Автор книги: Павел Фокин
Жанр: Биографии и Мемуары, Публицистика
Возрастные ограничения: +12
сообщить о неприемлемом содержимом
Текущая страница: 7 (всего у книги 23 страниц) [доступный отрывок для чтения: 8 страниц]
– Ну, а примеры?
– „Евгений Онегин“, „Герой нашего времени“, „Шинель“, а, может быть… может быть, и „Василий Тёркин“.
– Но есть и другие, очень значительные уже с самого начала, философские: „Война и мир“, „Отцы и дети“, „Преступление и наказание“?
– Ну, если вы действительно ничуть не сомневаетесь в своих силах, если не боитесь с самого начала взять перед читателем обязательство рассказать ему о том, что такое война, а что такое мир, тогда другое дело. Все другое дело, что выше нашего суда». [2; 278]

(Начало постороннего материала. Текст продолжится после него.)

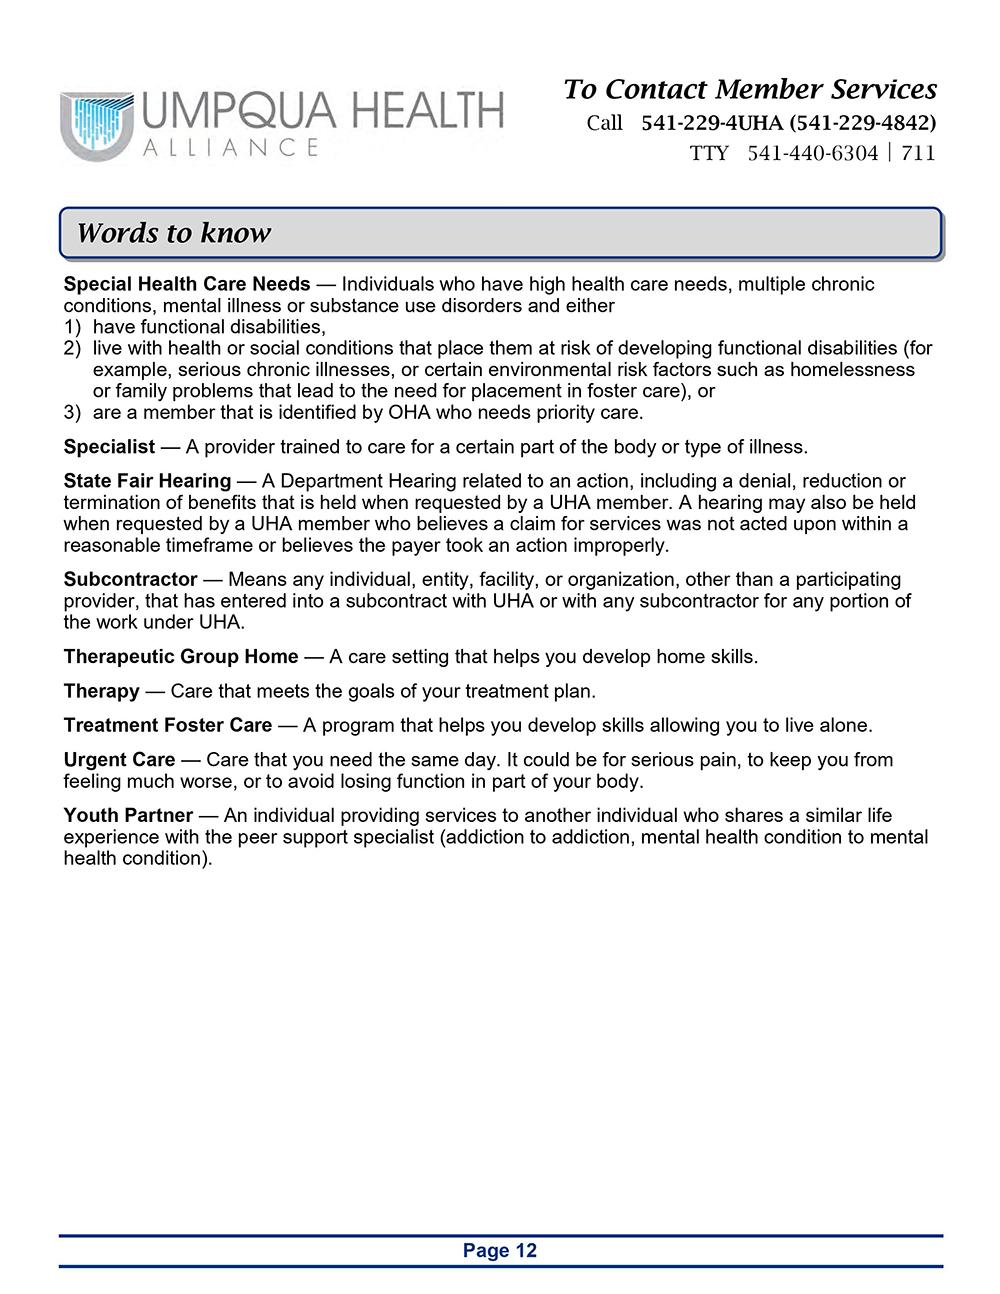 Member Handbook - Page 12

Владимир Яковлевич Лакшин:
«Давать название рукописи, „крестить“ ее было обычно его привилегией. Он и нас всех вызывал соревноваться в придумывании названия, если авторское не подходило. Но редко кто мог составить ему конкуренцию. Им были придуманы названия „На Иртыше“, „Семеро в одном доме“, „Годы и войны“, да и множеству других повестей, рассказов и статей стал он крестным отцом». [4; 138]

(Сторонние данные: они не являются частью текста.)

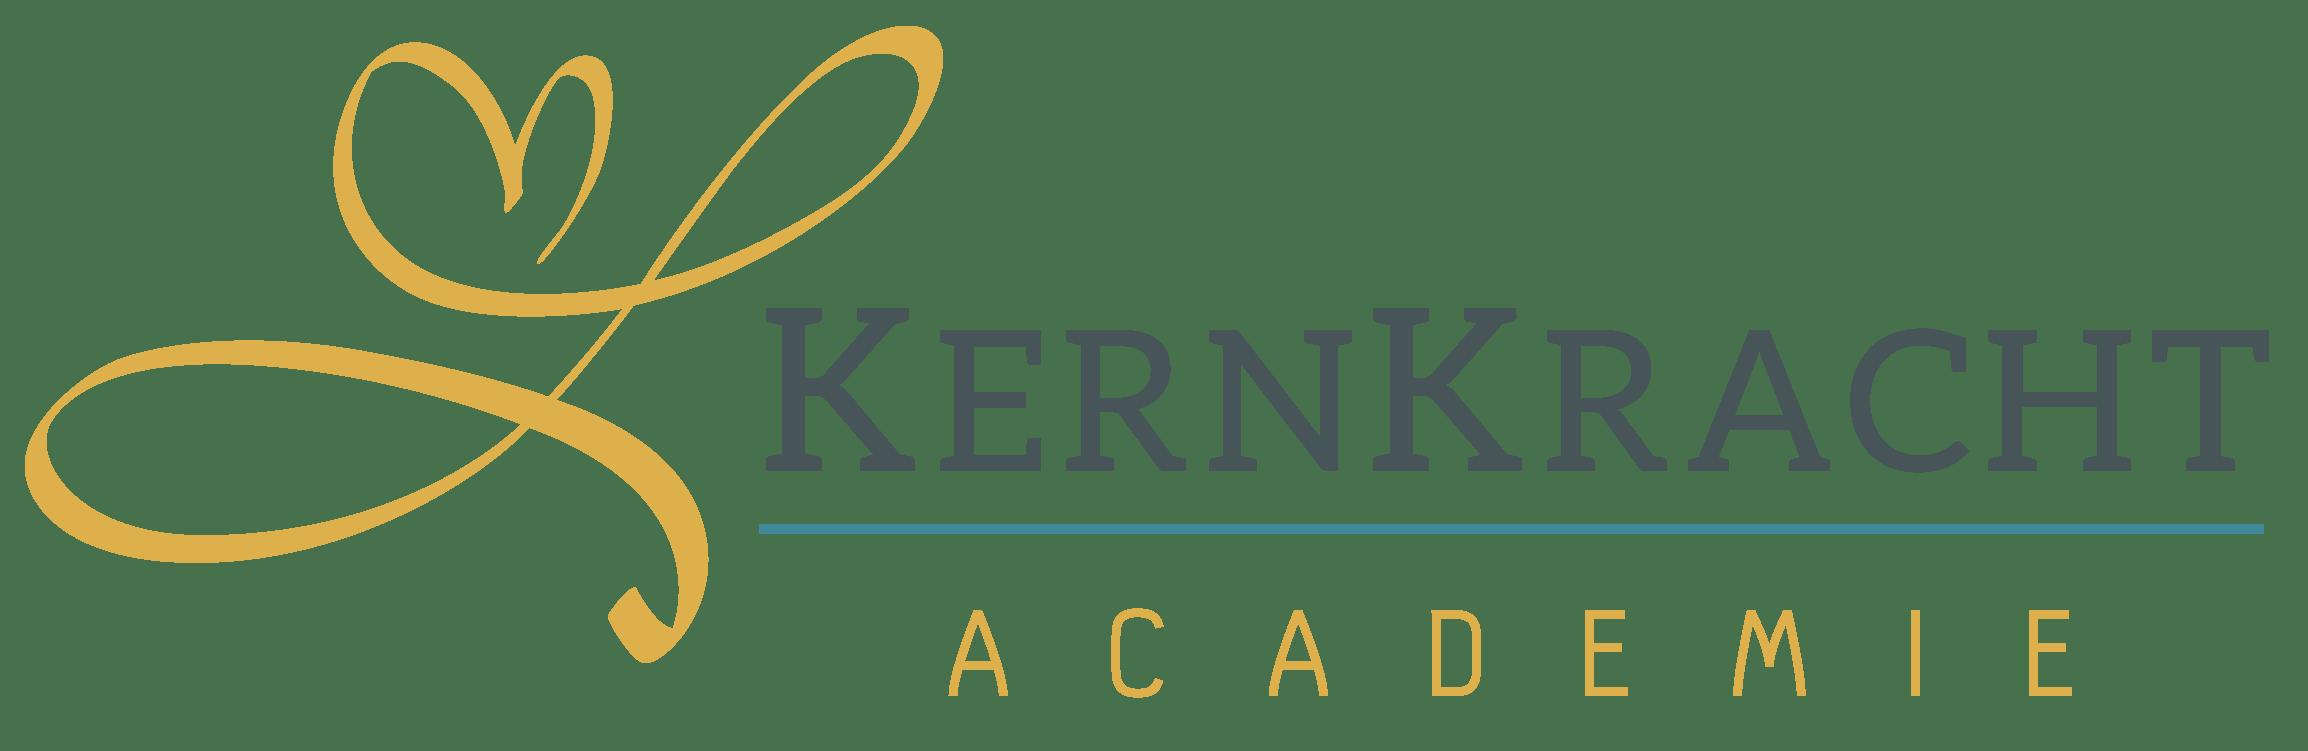 Kernkracht Academie

Алексей Иванович Кондратович:
«Если ему рукопись не нравилась, он говорил это без обиняков и невзирая на лица. Иногда даже было страшно слушать, что он говорит и кому говорит, – обычная житейская дипломатия как-то не давалась ему всю жизнь». [2; 347]
Владимир Яковлевич Лакшин. Из дневника:
«25.XII.1963
Бездарный беллетрист Кочнев принес в редакцию роман – пухлый кирпич верстки; уже пристроил свое детище в какое-то захудалое издательство и хотел предварительно осчастливить им журнал.
Твардовский устроил ему показательный разбор первой страницы. Шел фраза за фразой и открывал всю нелепицу, малограмотность этой „прозы“. Кочнев заявил, что по первой странице судить нельзя, поскольку там все с точки зрения отрицательного героя, и, конечно, соврал. „Зачем же начинать роман с точки зрения отрицательного героя? – вопросил Твардовский. – Может быть, он хоть кончается иначе?» И предложил разобрать таким же образом последнюю страницу.
Тут уж Кочнев счел за лучшее удалиться с версткою под мышкой». [5; 180]
Маргарита Иосифовна Алигер:
«– Нет, не могу, – твердо заявил он. – Не взойду на костер, – упрямо повторял он. – Сокращайте. Снимайте. Как хотите. Когда-нибудь, где-нибудь это вам пригодится. А сейчас ничего не выйдет. Не взойду на костер…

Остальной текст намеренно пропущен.